SEAB wants you to define voltage and resistance, to use Ohm's law $V = IR$ to link voltage, current and resistance, and to calculate electrical power with $P = VI$ . The big idea is that voltage pushes current through a circuit, resistance opposes that current, and the three are tied together by one simple law.

The answer

Voltage

Voltage (also called potential difference) is the energy given to each unit of charge by the source, or the energy transferred by each unit of charge in a component. It is what pushes the current around a circuit. Voltage is measured in volts ( $\text{V}$ ) using a voltmeter connected across (in parallel with) a component.

A bigger voltage pushes a bigger current through the same component.

Resistance

Resistance is how much a component opposes the flow of current. A high resistance lets only a small current through for a given voltage. Resistance is measured in ohms ( $\Omega$ ).

Resistance is defined by:

R = \frac{V}{I}

so resistance is the voltage across a component divided by the current through it. Thin wires, long wires and poor conductors have higher resistance.

Ohm's law

Ohm's law states that the current through a metal conductor is directly proportional to the voltage across it, provided its temperature stays constant. This gives the equation:

V = IR

You can rearrange it three ways: $V = IR$ to find voltage, $I = \dfrac{V}{R}$ to find current, and $R = \dfrac{V}{I}$ to find resistance.

For a component that obeys Ohm's law, a graph of current against voltage is a straight line through the origin.

Electrical power

Electrical power is the rate at which a component transfers electrical energy, for example into heat and light. It is given by:

P = VI

where $P$ is the power in watts, $V$ is the voltage in volts, and $I$ is the current in amps. A device with a high power rating, such as a kettle, transfers a lot of energy each second.

Examples in context

Example 1. A dimmer switch. A dimmer increases the resistance in series with a lamp. By Ohm's law, more resistance means a smaller current for the same supply voltage, so less power is transferred ( $P = VI$ ) and the lamp shines less brightly. Turning the dimmer the other way lowers the resistance and brightens the lamp.
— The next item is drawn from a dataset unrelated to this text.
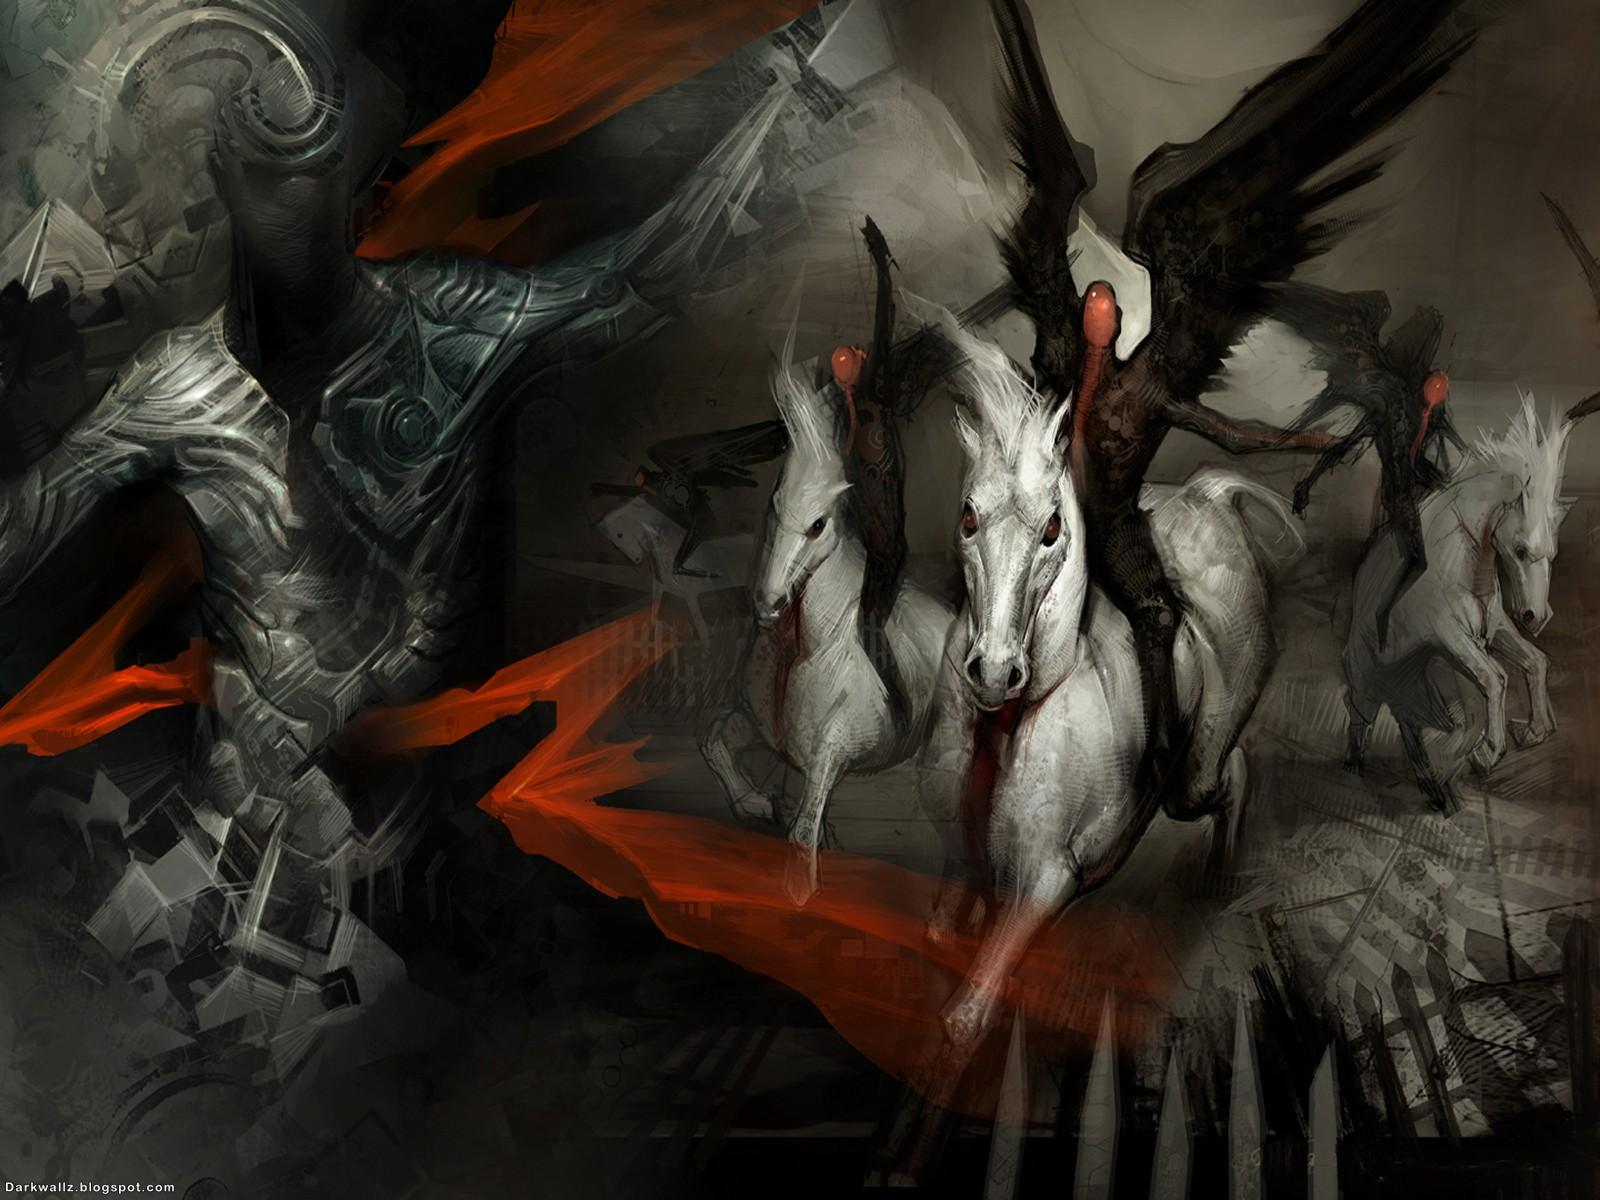 http://3.bp.blogspot.com/_-jo2ZCYhKaY/S62e7k-t35I/AAAAAAAAHMs/yQ9UeGTDSCc/s1600/Dark_Angel_Wallpapers_27%20(darkwallz.blogspot.com).jpg
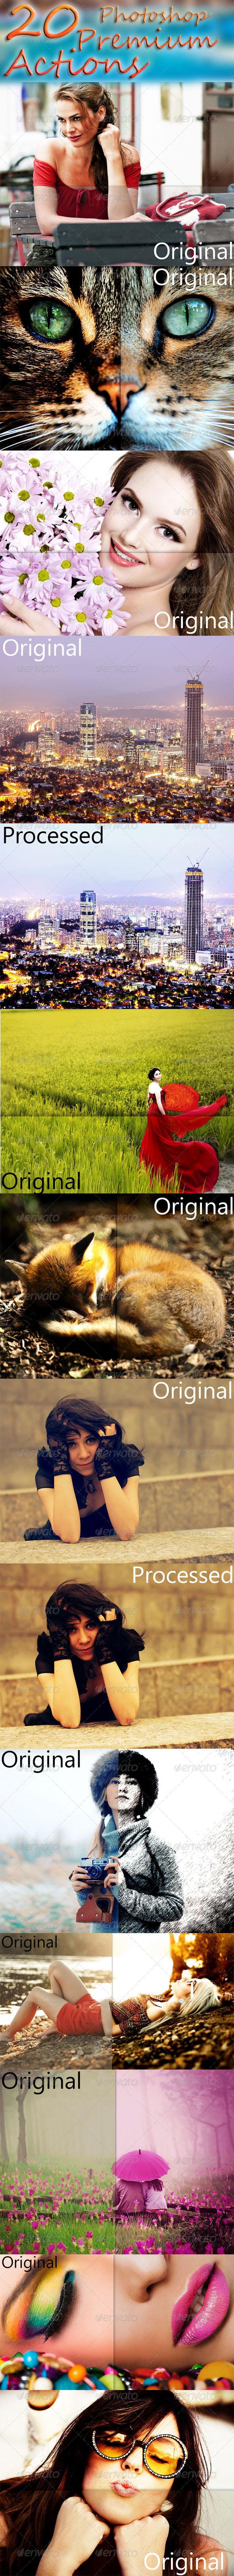 GraphicRiver 20 Premium Photoshop Actions 7091725

Example 2. Why thick cables for high power. Appliances that draw a large current, such as an electric cooker, need thick connecting cables. Thick wires have a low resistance, so they do not overheat as the large current passes. A thin wire would have a higher resistance and could get dangerously hot.

Try this

Cue. A $9.0\ \text{V}$ battery drives a current of $3.0\ \text{A}$ through a resistor. Find the resistance. [2 marks] $R = \dfrac{V}{I} = \dfrac{9.0}{3.0} = 3.0\ \Omega$ .
Cue. A current of $0.50\ \text{A}$ flows through a $20\ \Omega$ resistor. Find the voltage across it. [2 marks] $V = IR = 0.50 \times 20 = 10\ \text{V}$ .
Cue. A device runs at $230\ \text{V}$ and draws $2.0\ \text{A}$ . Find its power. [2 marks] $P = VI = 230 \times 2.0 = 460\ \text{W}$ .

Exam-style practice questions

Practice questions written in the style of SEAB exam questions on this dot point, with worked answer explainers. The year tag is the paper they imitate, not the source.

Original4 marksA resistor has a voltage of

6.0\ \text{V}

across it and a current of

2.0\ \text{A}

through it. (a) State Ohm's law. (b) Calculate the resistance. (c) State the unit of resistance.

Show worked answer →

(a) Ohm's law: the current through a metal conductor is directly proportional to the voltage across it, provided the temperature stays constant. In symbols, $V = IR$ .

(b) Rearrange to $R = \dfrac{V}{I} = \dfrac{6.0}{2.0} = 3.0\ \Omega$ .

What markers reward: Ohm's law stated (current proportional to voltage at constant temperature), $R = V/I$ used, and the unit ohm.

Original4 marksAn electric heater works at

230\ \text{V}

and draws a current of

5.0\ \text{A}

. (a) Write the formula for electrical power. (b) Calculate the power of the heater. (c) State the unit of power.